Выбивал копытами дробь эскорт из тринадцати личных драгун светлейшего и ста двадцати всадников государева конвоя во главе со скуластым гвардейским капитаном Пырским, палкой сидевшим в седле. Остерман знал беспощадность этого капитана, потому и назначил его командиром конвоя, пообещав за преданную службу скорое присвоение майорского звания.
В первом экипаже ехал светлейший с женой и свояченицей Варварой Арсеньевой, во втором — сын Александр с карлой, в третьем, во всем черном, княжны Мария и Сашенька с двумя девками, Глафирой да Анной, и собачонкой Тимулей, а в четвертом — лекарь Иоганн, шведской породы, плененный под Полтавой, гофмейстер Криг с невозмутимым лицом человека, привыкшего ничему не удивляться, и старенький священник Лука.
Все уже одеты тепло. На светлейшем — душегрея, кафтан на бобровой подкладке с крупными обшлагами, отделанными золотым шитьем. В ногах — шуба из серонемецкого сукна на лисьем лапчатом меху, подаренная еще Петром I. На голове — пуховый картуз с бархатным верхом, а ноги облекают малиновые чулки на меху песцовом. Меншиков сидел в экипаже, опершись на трость в драгоценных камнях — подарок царя за разгром шведов при Калише, кланялся знакомым, приветно помахивал рукой.
Прильнули к окнам домов, вышли на балконы Долгорукие, Голицыны.

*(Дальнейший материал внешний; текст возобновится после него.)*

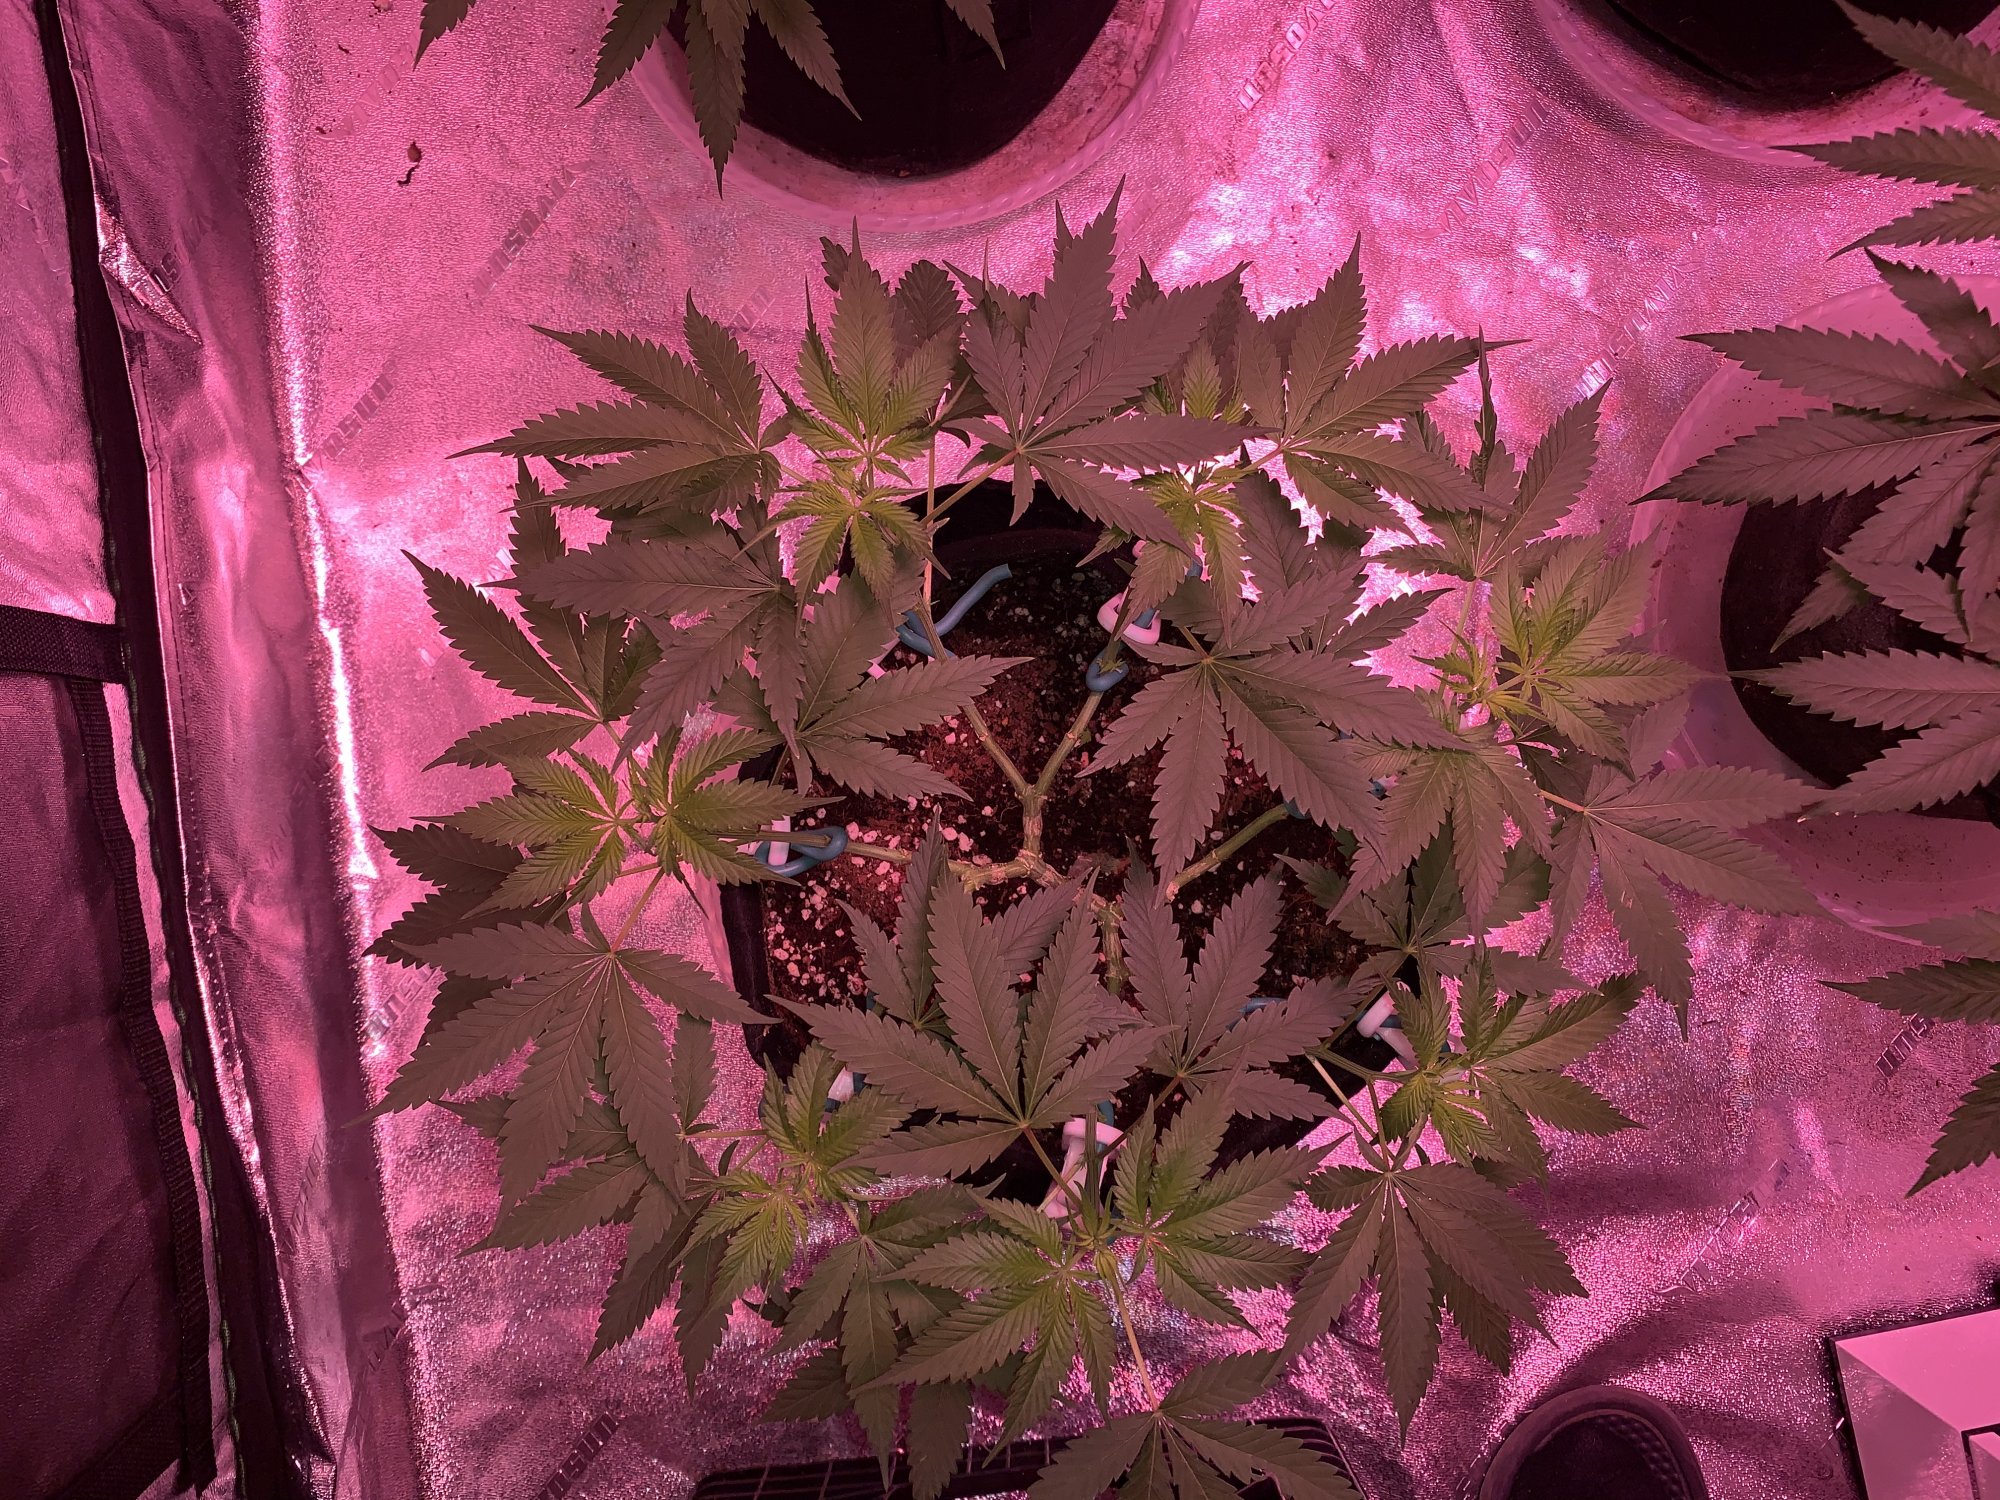 First time grower finally flipping my plants into flower and starting the 1212 cycle 7

Федор с отчаянием провожал глазами поезд, увозивший Марию. Куда едет она — хрупкая, нежная? Как вызволить ее? Может, броситься в ноги императору, просить разрешения разделить с Марией судьбу? Все бы оставил, только быть рядом: слышать ее тихую речь, видеть ясные очи. И тогда камень, затуманившийся было на его столе, обретет былую зелень.
Но уже был приказ адмиралтейств-коллегии о посылке его в Англию для обучения кораблестроительному делу. И со дня на день должен был он отправляться в дальний путь. А Мария все удалялась, деля судьбу своего отца.
Вот, щедро одарен этот человек природой и умом, и талантами, но забыл, что главное — служить отчизне, потерял себя, губит близких, губит Марию…
Рядом раздался голос двоюродного брата Ивана, он говорил с издевкой, ухмыляясь:
— Поволокли голубицу твою…
Как он догадался о тайном?
— Там с нее быстро святость сдерут…
Федор посмотрел на брата с отвращением, а Иван, словно нарочно, рану ковырнул:
— Эку красавицу нашел!
Ну что же, может быть, красавицей ее и не назовешь: высокий лоб, широкие брови. Но эти огромные, мягкого блеска голубые глаза, негромкий проникновенный голос, грациозность вызывали мысль именно о красоте, И еще — об открытой, незамутненной душе. Чистой, как его зелен-камень. Сказывают, прабабка Марии по материнской линии — якутка. Потому и разрез глаз такой, и скулы припухлые. А ему это любо.
Экипажи повернули за угол, скрылись, а по всем церквам пошел радостный звон.
Хмурая толпа мастеровых, работных людей, пригнанных из селений, стояла на деревянных тротуарах. Весть об опале светлейшего уже дошла до них. Архиепископ Феофан в проповеди объявил, что нечестивая тирания развеялась в дым.
— Как ни воруй, а край приходит, — сказал бородатый угрюмый мужик в дырявой поддевке. Помолчав, добавил: — А хрен редьки не слаще. Всякий светлейший нам темнейший. Все они царя-батюшку обманывают, глаза его от нас отводят… Выжечь бы их дотла.
— Писарь конторский баял — отравил он ампиратрицу… И грамота у ево найдена к королю шведскому, — тонким голосом произнес верткий, с редкими светлыми усами человечишко с топором за кушаком, — навроде: займи десять мильенов, а я те вдвое отдам, когда на престол сяду.
— Это брехни, — отмел слухи бородач. — Где ж то видано, чтоб конюхов сын царем сел. Да и не станет ерой полтавский яд сыпать, Расеей торговать.